Stratégies d’adaptation et entrepreneuriat local
Les femmes entrepreneures ont dû apprendre à naviguer dans un environnement souvent contraignant. Face à la saturation de certains marchés locaux, elles ont choisi d’innover, de diversifier leur offre, de miser sur la qualité ou sur la personnalisation de leurs produits.
Pour surmonter les barrières socioculturelles, beaucoup ont investi les réseaux sociaux pour vendre, communiquer et s’entraider. D’autres ont impliqué les membres de leur famille, notamment les hommes, dans la gestion ou la logistique de leurs entreprises. Certaines encore ont choisi d’installer leurs activités dans des espaces collectifs où la présence féminine est mieux acceptée.
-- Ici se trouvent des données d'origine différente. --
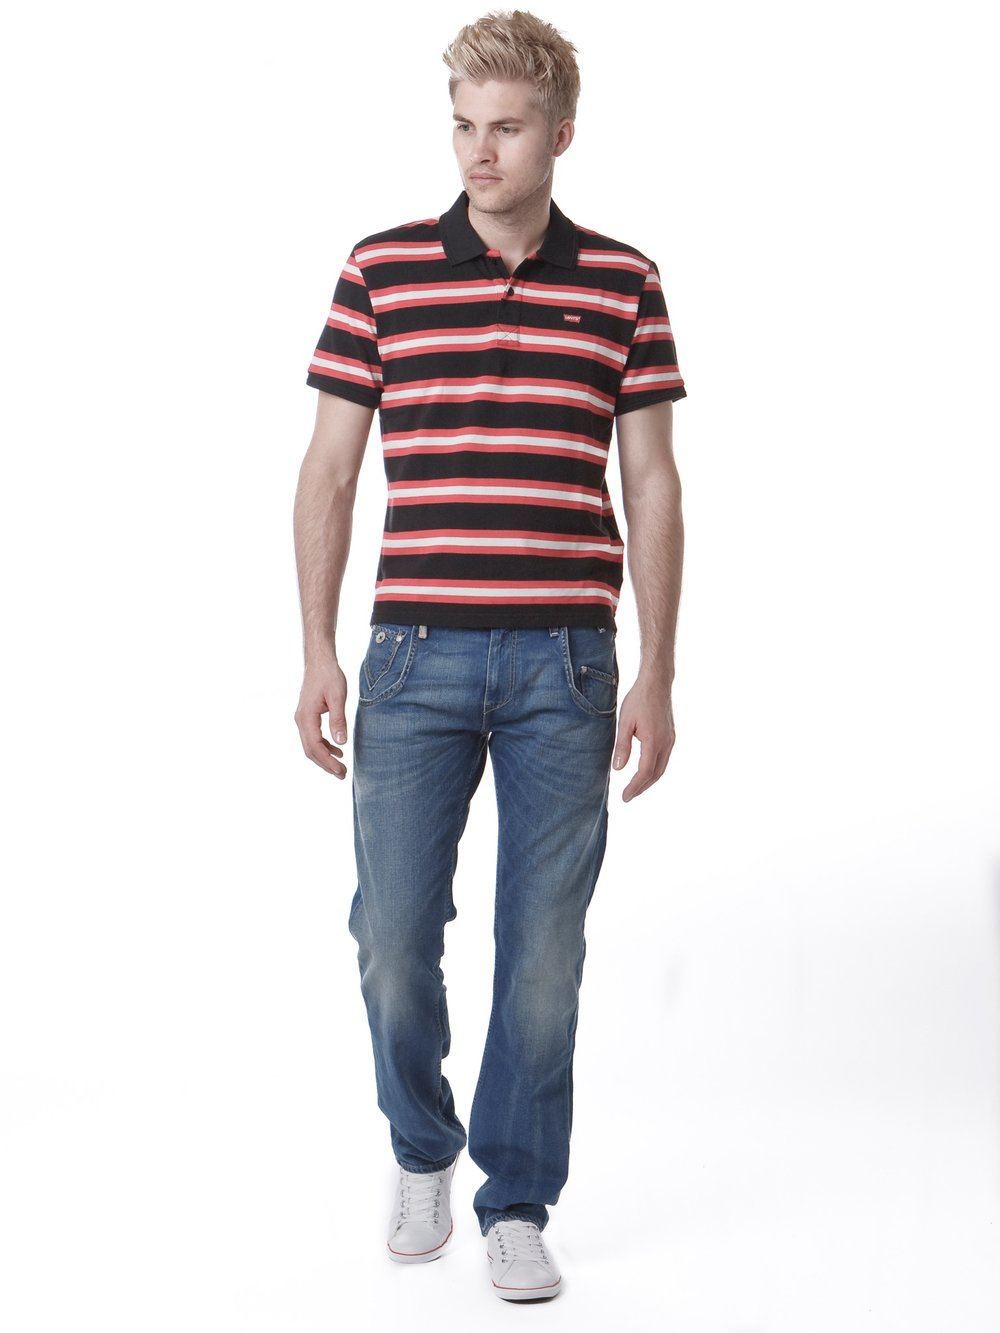 Ecomm Jeans Denim Photography Photoshoot

Cette stratégie d’adaptation, souvent intuitive, repose sur un équilibre subtil entre tradition et modernité : plutôt que d’entrer en conflit avec les normes locales, ces femmes les contournent, les redéfinissent à leur manière et ouvrent des voies nouvelles pour les générations suivantes.
Un développement encore freiné par l’informel
Cependant, une grande partie de cet entrepreneuriat féminin reste cantonnée au secteur informel. Beaucoup d’activités se développent en marge des dispositifs publics d’appui, souvent trop complexes ou inaccessibles pour les petites structures. L’accès au financement, à la formation et aux marchés reste limité. Pourtant, c’est dans ce secteur non structuré que s’exprime la vitalité la plus forte : celle d’une économie féminine de proximité, ancrée dans les réalités locales, créative et solidaire. Le défi des prochaines années sera de mieux relier ces initiatives à l’économie formelle, en offrant à ces femmes les outils et la reconnaissance nécessaires pour franchir une nouvelle étape dans leur développement.
Une économie au féminin pluriel
Du souk traditionnel aux enseignes modernes, le commerce au féminin s’impose aujourd’hui en Algérie comme une force discrète mais déterminante de la vie économique et sociale. Il révèle un modèle de croissance fondé sur la solidarité, la résilience et la réinvention quotidienne. Plus qu’une simple évolution économique, c’est un changement de paradigme : celui d’un pays où les femmes ne se contentent plus de participer à la vie économique, mais contribuent activement à la transformer. Elles ne réclament pas une place, elles la prennent – calmement, efficacement, durablement. Et ce faisant, elles redessinent le visage de l’économie nationale, à la fois plus inclusive, plus ancrée et plus humaine.